The box plots illustrate the distribution of actual productivity across different departments, days, and quarters. In terms of departments, productivity in the sewing department is generally slightly lower than in the finishing department, though there is some overlap between the two. Regarding days of the week, productivity shows minimal variation, with no significant peaks or drops, suggesting a relatively stable performance throughout the week. The comparison of productivity by quarter reveals notable differences, with Quarter 1 showing higher productivity compared to Quarter 5. The box for Quarter 1 is located higher on the y-axis, indicating better overall productivity in that period. This highlights the possibility that seasonal factors or changes in business strategies during specific quarters could affect productivity.

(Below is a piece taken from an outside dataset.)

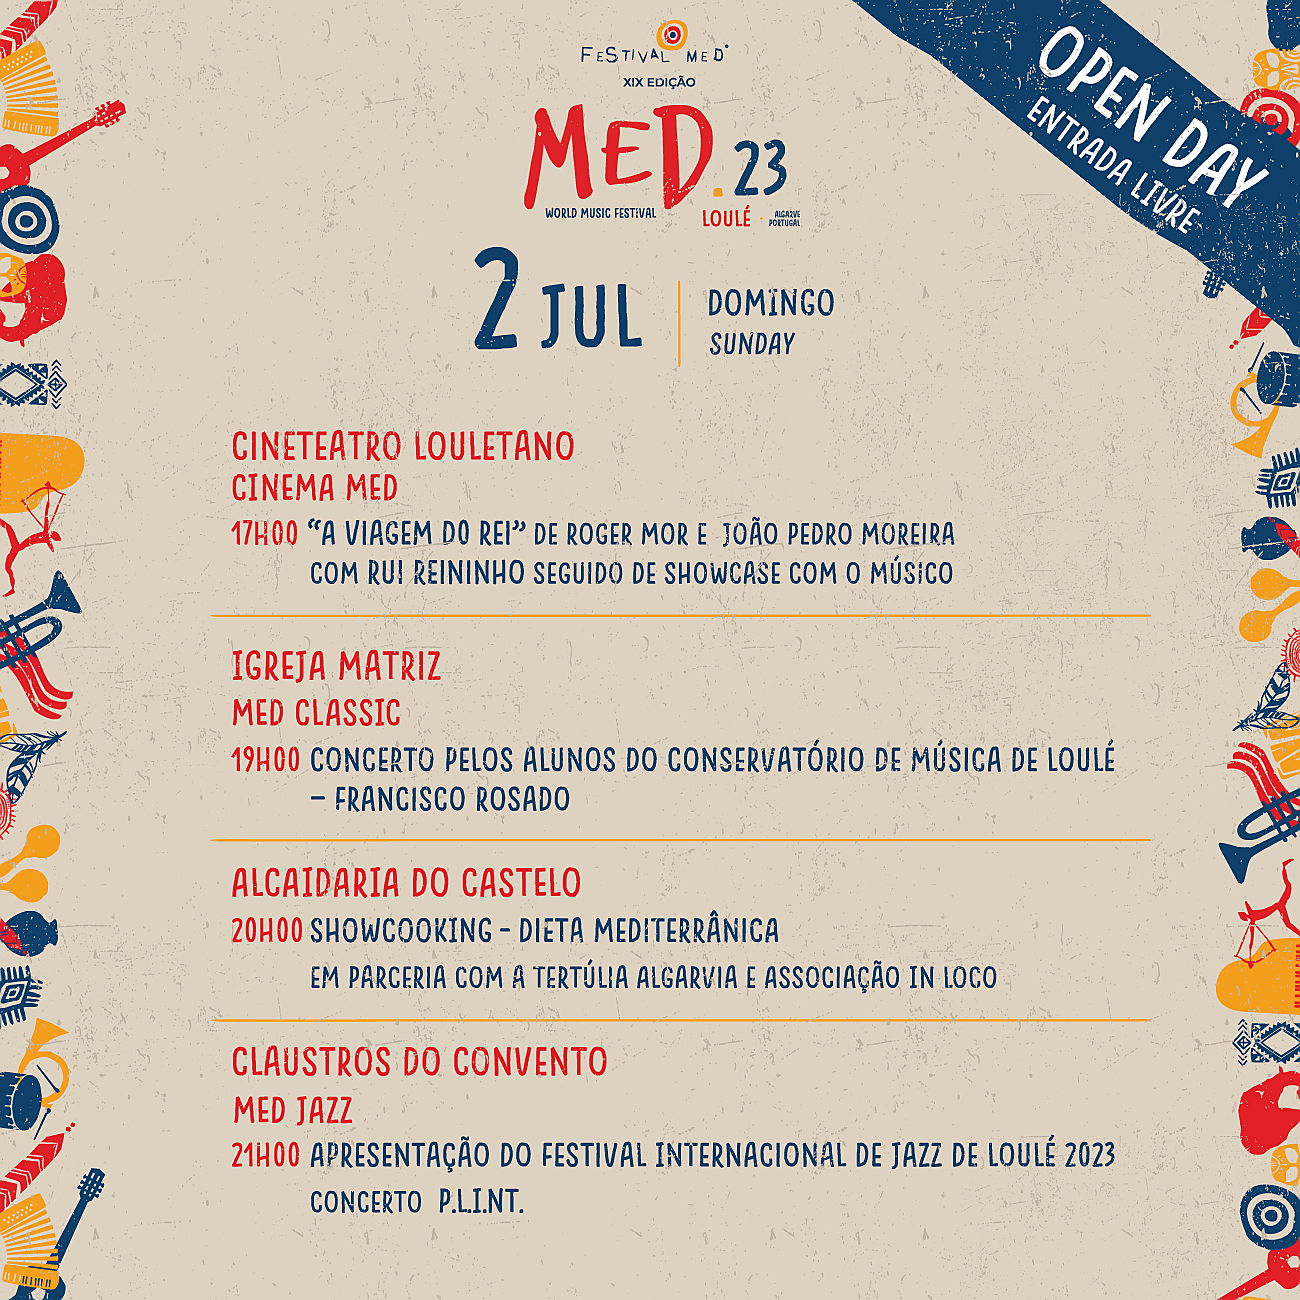  Vilamoura - Algarve
- CML-MED23-OpenDay-Square.png

Homoscedasticity(Department,Days,Quarter):

library(car)
leveneTest(actual_productivity ~ department, data = data)
## Warning in leveneTest.default(y = y, group = group, ...): group coerced to
## factor.
## Levene's Test for Homogeneity of Variance (center = median)
##         Df F value    Pr(>F)    
## group    1  42.142 1.241e-10 ***
##       1195                      
## ---
## Signif. codes:  0 '***' 0.001 '**' 0.01 '*' 0.05 '.' 0.1 ' ' 1
leveneTest(actual_productivity ~ day, data = data)
## Warning in leveneTest.default(y = y, group = group, ...): group coerced to
## factor.
## Levene's Test for Homogeneity of Variance (center = median)
##         Df F value Pr(>F)
## group    5  0.4285  0.829
##       1191
leveneTest(actual_productivity ~ quarter, data = data)
## Warning in leveneTest.default(y = y, group = group, ...): group coerced to
## factor.
## Levene's Test for Homogeneity of Variance (center = median)
##         Df F value Pr(>F)
## group    4  1.6876 0.1505
##       1192

The results from Levene’s Test for Homogeneity of Variance show that for the department, the p-value is 1.241e-10, which is less than 0.05, indicating that the variances across departments are significantly different. Therefore, the homogeneity of variance assumption is violated, and Welch’s ANOVA should be used instead of regular ANOVA. For the day of the week and quarter, the p-values are 0.829 and 0.1505, respectively, both greater than 0.05, indicating that the variances across groups are equal. This means the homogeneity of variance assumption is satisfied for these variables, and regular ANOVA can be applied.

ANOVA Test(Department)

welch_anova_department <- oneway.test(actual_productivity ~ department, data = data)

welch_anova_department
## 
##  One-way analysis of means (not assuming equal variances)
## 
## data:  actual_productivity and department
## F = 8.593, num df = 1.00, denom df = 926.17, p-value = 0.003458

The Welch’s ANOVA results for the department variable show that the F-value is 8.593, with 1 degree of freedom for the numerator and 926.17 degrees of freedom for the denominator. The p-value is 0.003458, which is less than 0.05, indicating that there are significant differences in productivity between the departments. Therefore, we can reject the null hypothesis and conclude that productivity varies significantly between at least some of the departments. The analysis suggests that the department variable has a statistically significant effect on actual productivity, and further investigation is needed to determine which departments specifically differ in terms of productivity.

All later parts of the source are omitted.